Si bien que la raison serait représentée par la valeur sociale de type ostentatoire mise en évidence par les projets pharaoniques comme les constructions de l’hôtellerie de luxe assimilées aux architectures imposantes (la grandeur de l’espace du lobby Ritz-Carlton

Montréal). Le cœur, élément essentiel dans la réflexion avec son côté mystique et sage comme l’aménagement du lobby serait référé avec un lieu stratégique dans l’hôtel tel que la Cour de Palmiers. Enfin, le ventre avec les structures synthétiques qui appartiennent aussi au régime nocturne évoque toutes les sensations à la fois sur les échanges et les déplacements on est dans

la recherche du luxe plaisir, du désir et le lobby se doit de diffuser toutes ces sensations aux visiteurs (parfum Ritz-Carlton).

1.1.2.2 Un accomplissement par le luxe ?

Le luxe ou « lumière », beauté, coût, éternité, excès, faste, rareté, unicité ; tous ces termes en donnent des indices mais pas une définition bien précise.
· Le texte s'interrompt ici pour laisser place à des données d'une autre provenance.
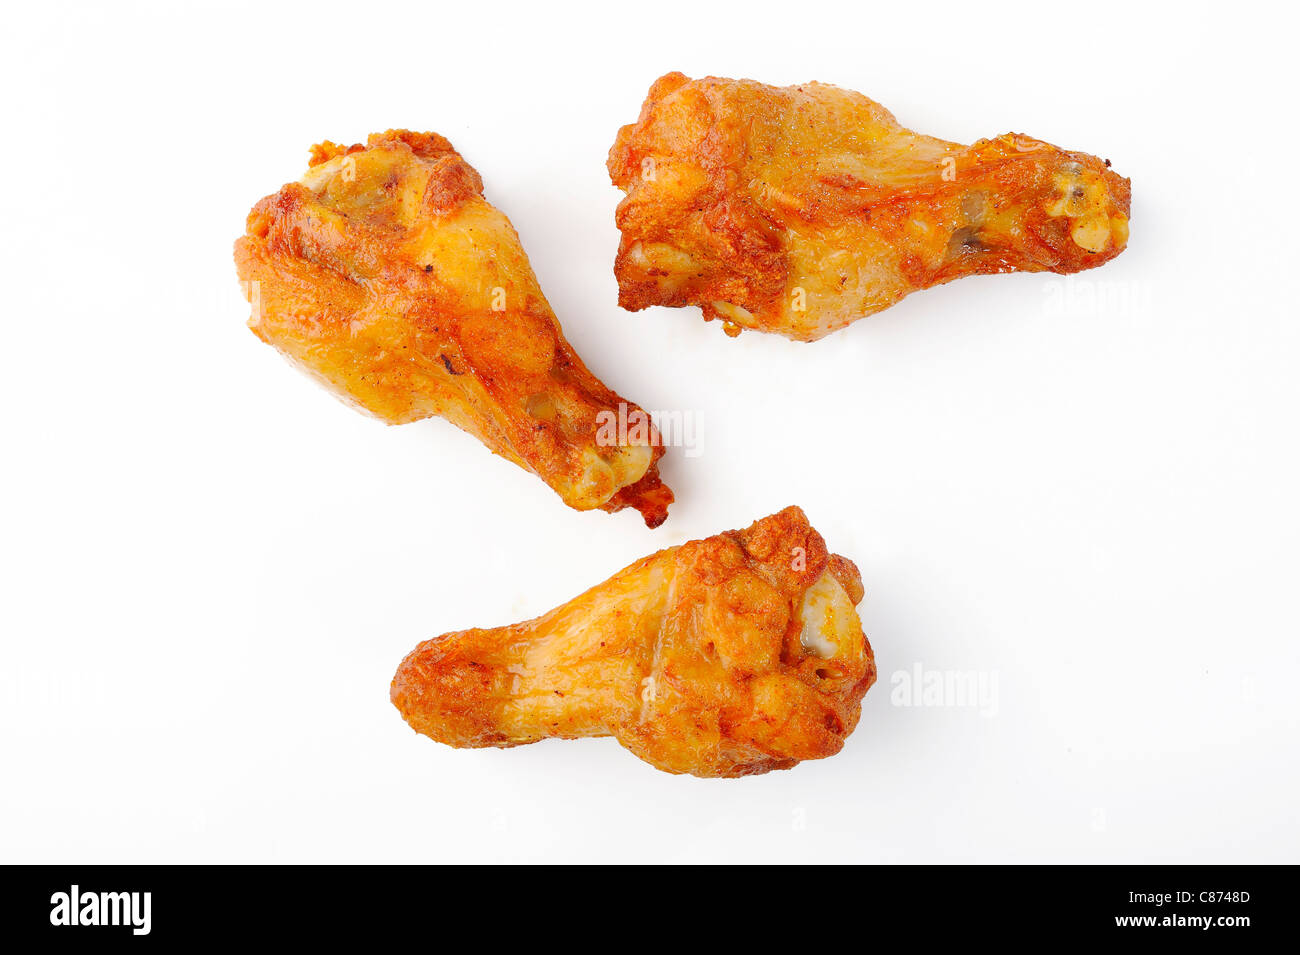 Chicken wing isolated on white background Stock Photo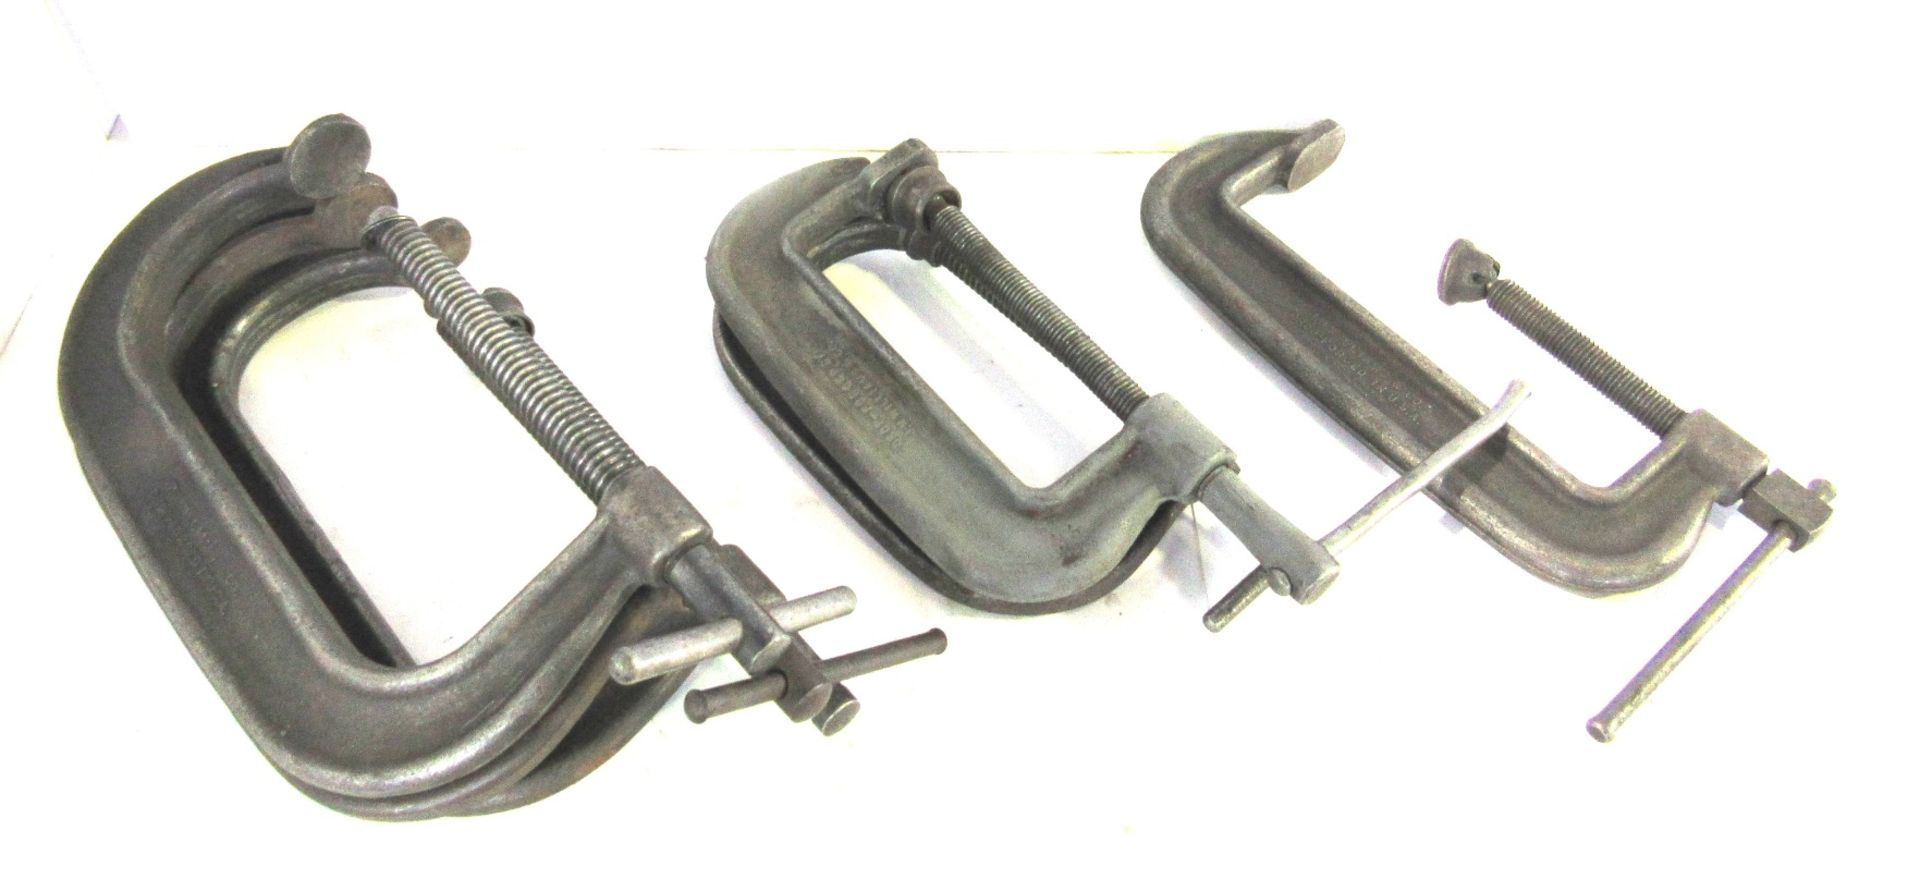 (6) Assorted Armstrong C-Clamps

En fonction des cultures, des époques, des individus il ne serait pas apprécié de la même façon. Les auteurs Patrick Mathieu et Frédérick Monneyron distinguent trois classes : le super luxe, la valorisation raison sociale et les sensations. Le luxe ne peut pas seulement être rare et couteux mais il doit être désiré par un plus grand nombre d’individus et il doit « raconter une histoire » ; il détiendrait, selon eux, une dimension anthropologique. Il s’associe à une dimension d’imagination dans le sens où l’individu est à la recherche de l’exception qui dure dans le temps. Il aide à trouver un objet, un ressenti, une émotion rare qui survivra.

1.1.2.3 Luxe sans limite

Le luxe fait appel à un imaginaire qui se véhicule par l’image. Dans la société occidentale d’aujourd’hui et plus particulièrement avec la mondialisation, le terme luxe renvoie à des notions existentielles profondes. En effet, la démocratisation de notre société aurait fait du luxe un refuge face aux agents déstabilisants comme le stress, l’angoisse, les catastrophes naturelles ou sociales voire la mort. La plus grande accessibilité au luxe, ainsi que son développement peuvent aussi engendrer une dévalorisation. Cependant, le luxe évolue, se transforme et devient plus rapproché d’une recherche du plaisir, du désir et du bien-être. Le luxe serait alors « un excellent poste d’observation sociologique et des imaginaires sociaux. » (Mathieu et Monneyron, 2015, p. 138) Le luxe se révèlerait donc comme un phénomène universel et une sorte de locomotive, évoluant suivant les cultures et les différentes classes sociales ; ce phénomène semble s’accentuer avec l’ouverture au monde ainsi que la facilité des déplacements des individus.